Director Colm McCarthy and writer Mike Carey began their collaboration early on, and McCarthy's attraction to desolate, abandoned landscapes and locations ended up informing the direction of the film's story arc. Beyond the safe compound that has been Melanie's home her whole life, lies the rest of England; laid to waste and inhabited solely by hungries, desperate for their next taste of blood. Humankind is barely anywhere to be seen - any survivors are safely hidden away in secure compounds like the one Melanie calls home.
The vistas that are presented throughout the film dwell on the vitality of plant life, despite the desolation of the man-made environment, revealing an odd beauty in the reclamation of nature over our concrete world. To complement this eerily peaceful vision, there are crowds of listless, purposeless hungries, who - without any prey to stimulate action - simply stand wavering gently in the breeze alongside the overgrown weeds that surround them. As with other films that present a post-apocalyptic vision of the world, such as The Road, Children of Men or even Mad Max: Fury Road, the viewer is invited to consider how the world came to be in such a state, and what responsibility humankind might have for it.

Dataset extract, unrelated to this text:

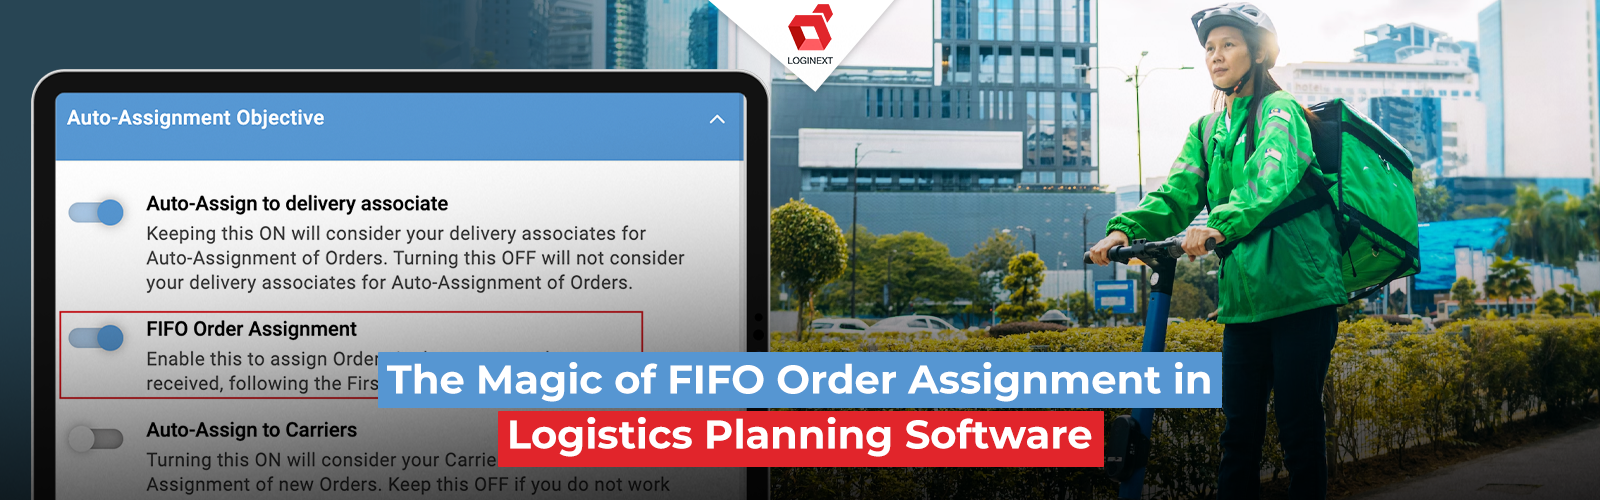 Magien ved FIFO-ordretildeling i logistikplanlægningssoftware

On top of addressing philosophical problems and post-apocalyptic visions of the future, the film also explores science and ethics. Melanie is of high value to Dr. Caldwell because her advanced intelligence could mean she is a missing ingredient in a vaccine against the 'hungry' infection that has ravaged the human population. The effects of mass infection have been explored in films like Contagion, but is also a topical real life issue, with epidemics and new viruses often making headlines in the real world. The Girl with All the Gifts takes this fear - and the desperation to halt the tide of such infections - as its driving force.
While the film invites the audience to consider some fairly weighty questions around science, ethics, belonging and the nature of being human, there are also flashes of humour and some unexpected moments which set the film apart from similar genre movies. We'll leave the final word to our Young Reporter Rohan - who recently attended a review writing masterclass with Empire magazine. "There are surprisingly effective moments of levity in what is certainly not a feel-good film. There is an artistry to The Girl with All the Gifts tone that, in the long-term, could set it apart from more mainstream movies."